Histoire romancée, peu différente de notre Histoire moderne, mais tout s'accélère : les petits chefs ont remplacé les rois, les religions perdurent mais se battent entre elles,l'argent est roi, la caisse est vide, mais la distribution de milliards n'a jamais connu un tel essor !
Samedi 10 août 1985 :
Si le téléphone n’existait pas, nous serions moins au courant des problèmes des autres.
Comme j’écris pour ne pas perdre l’habitude, j’évite d’être pessimiste. Mes petits maux de tête, de gorge, d’appareil digestif… ne sont rien auprès des maux dont souffrent tant d’autres.
Avons Stéphane dans nos murs. Il dort dans sa chambre, en bas, alors que Mikaël préférait le haut.
Dimanche 11 août 1985 :
Ce matin tempête. Cet après-midi, j’ai prévu de partir pour Morlaix. Mais ce n’est pas un temps pour voyager.

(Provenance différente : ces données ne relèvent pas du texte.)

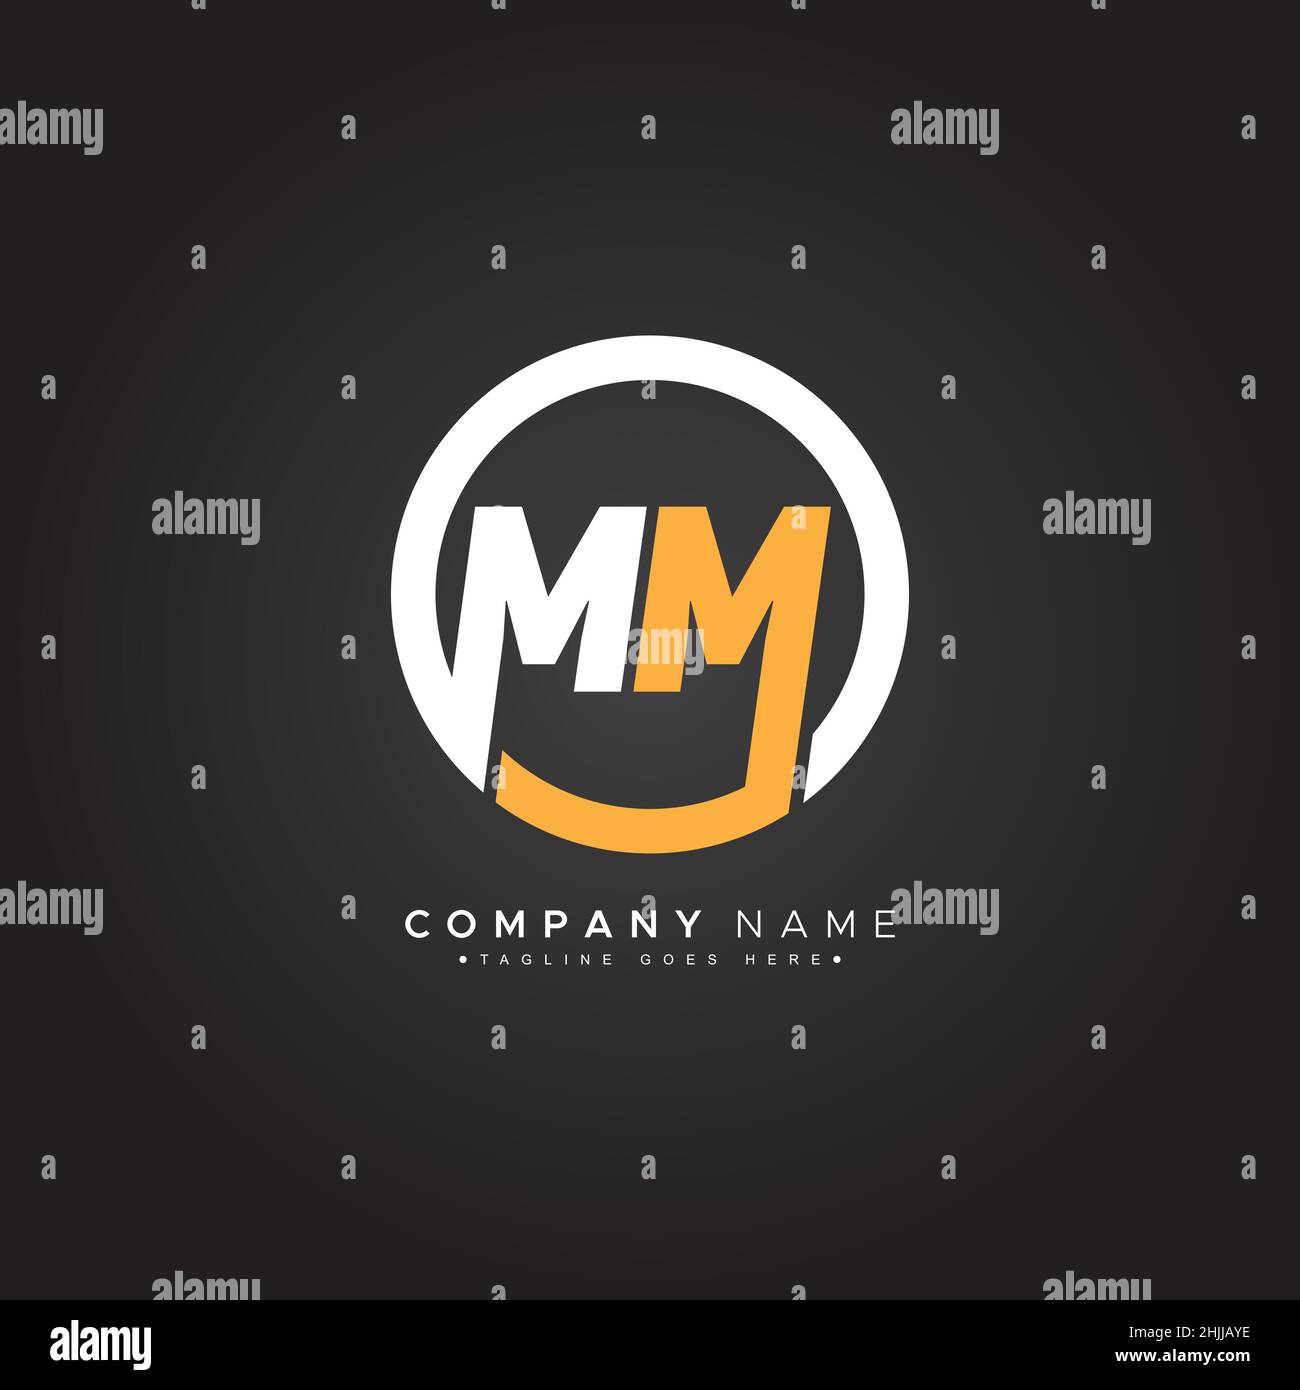 28 Best MM logo ideas  ? logo, mm logo, logo design
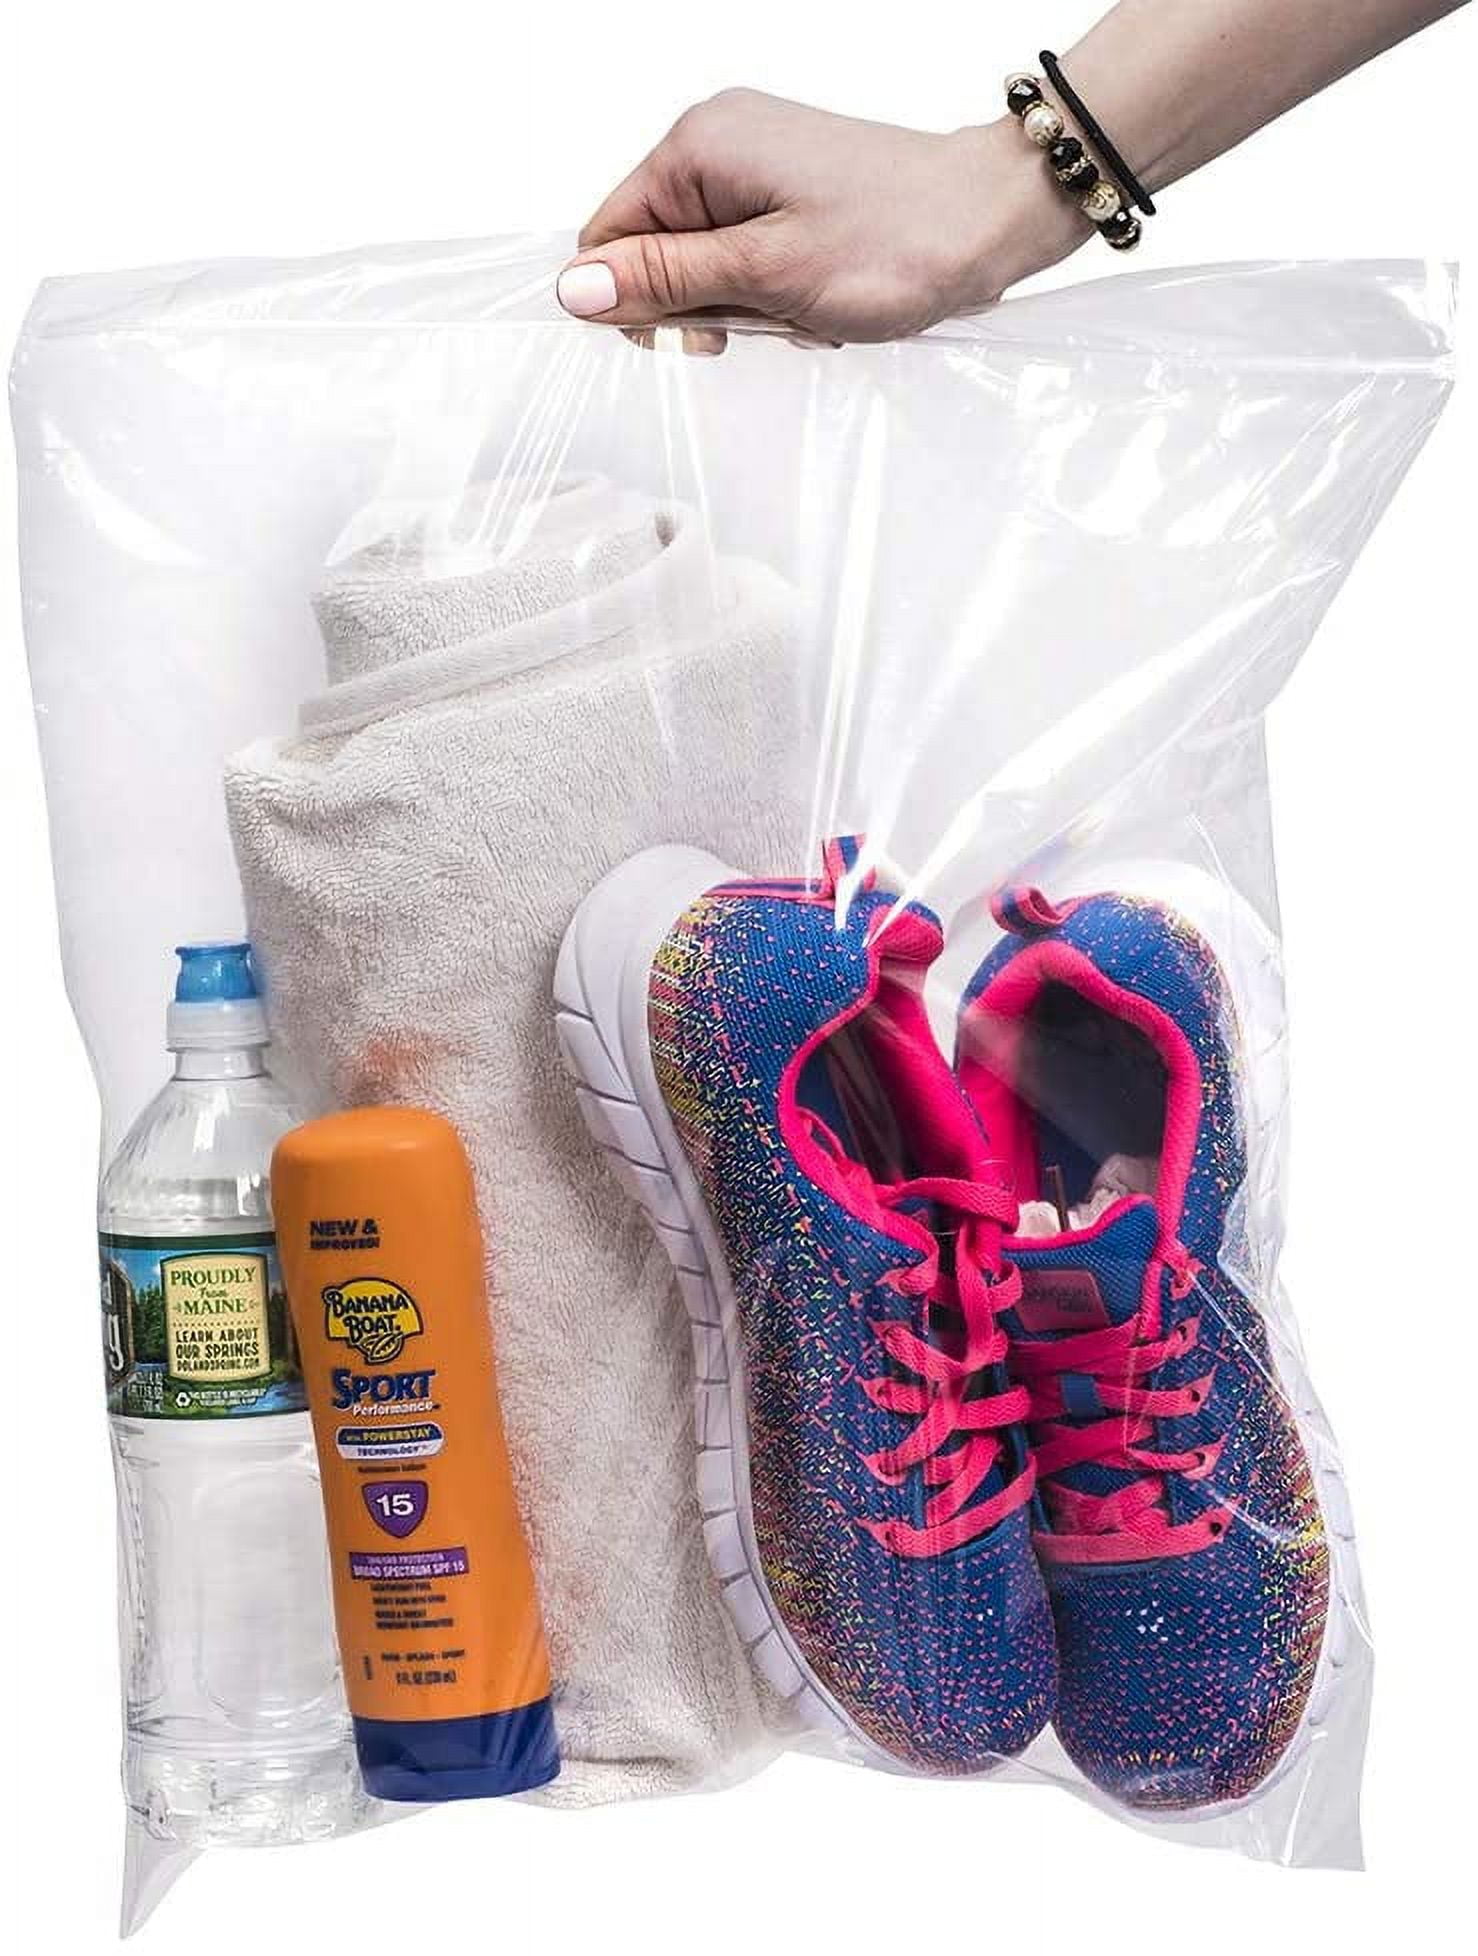 Hefty Slider Quart Freezer Bags - Shop Storage Bags at H-E-B

Enfin, il fera peut-être meilleur cet après-midi ?
Un brouillon, c’est bien, on raye, on surcharge, l’on peut raconter ce que l’on veut, surtout que le temps n’est pas limité. C’est mon cas en retraite. Pas besoin de recopier au propre !
Mikaël aime jouer, Stéphane aussi.
Lundi 12 août 1985 :
Mithé m’a paru assez pessimiste après son dernier voyage à Morlaix. Mon père lui a déclaré : « Ils vont tous me laisser seul ».
Je suis donc venu me rendre compte de la situation. Il se reposait quand je suis arrivé, il n'a ouvert les yeux que lorsque j'ai sa feuille médicale et m'a dit : " Tiens, tiens, qu'est-ce que je vois ! "
En fait, il m’a accueilli comme d’habitude, content d’avoir une visite, ne sachant trop d’où je venais, mais me demandant pourquoi Annick n’était pas avec moi..
Lui ayant expliqué qu’en juillet, elle avait beaucoup d’occupations avec ses petits-enfants, il m’ a répondu « c’est vrai que vous ne pouvez pas toujours être là et que vous avez tous votre travail à exécuter.
Il a très bien compris que Marie-Thérèse puisse être retournée à Saumur pour s’occuper de ses affaires.
Mercredi 14 août 1985 :
Me voilà de retour au Fort. Ce matin, tempête. Le mois d’août a été pourri pour les vacanciers.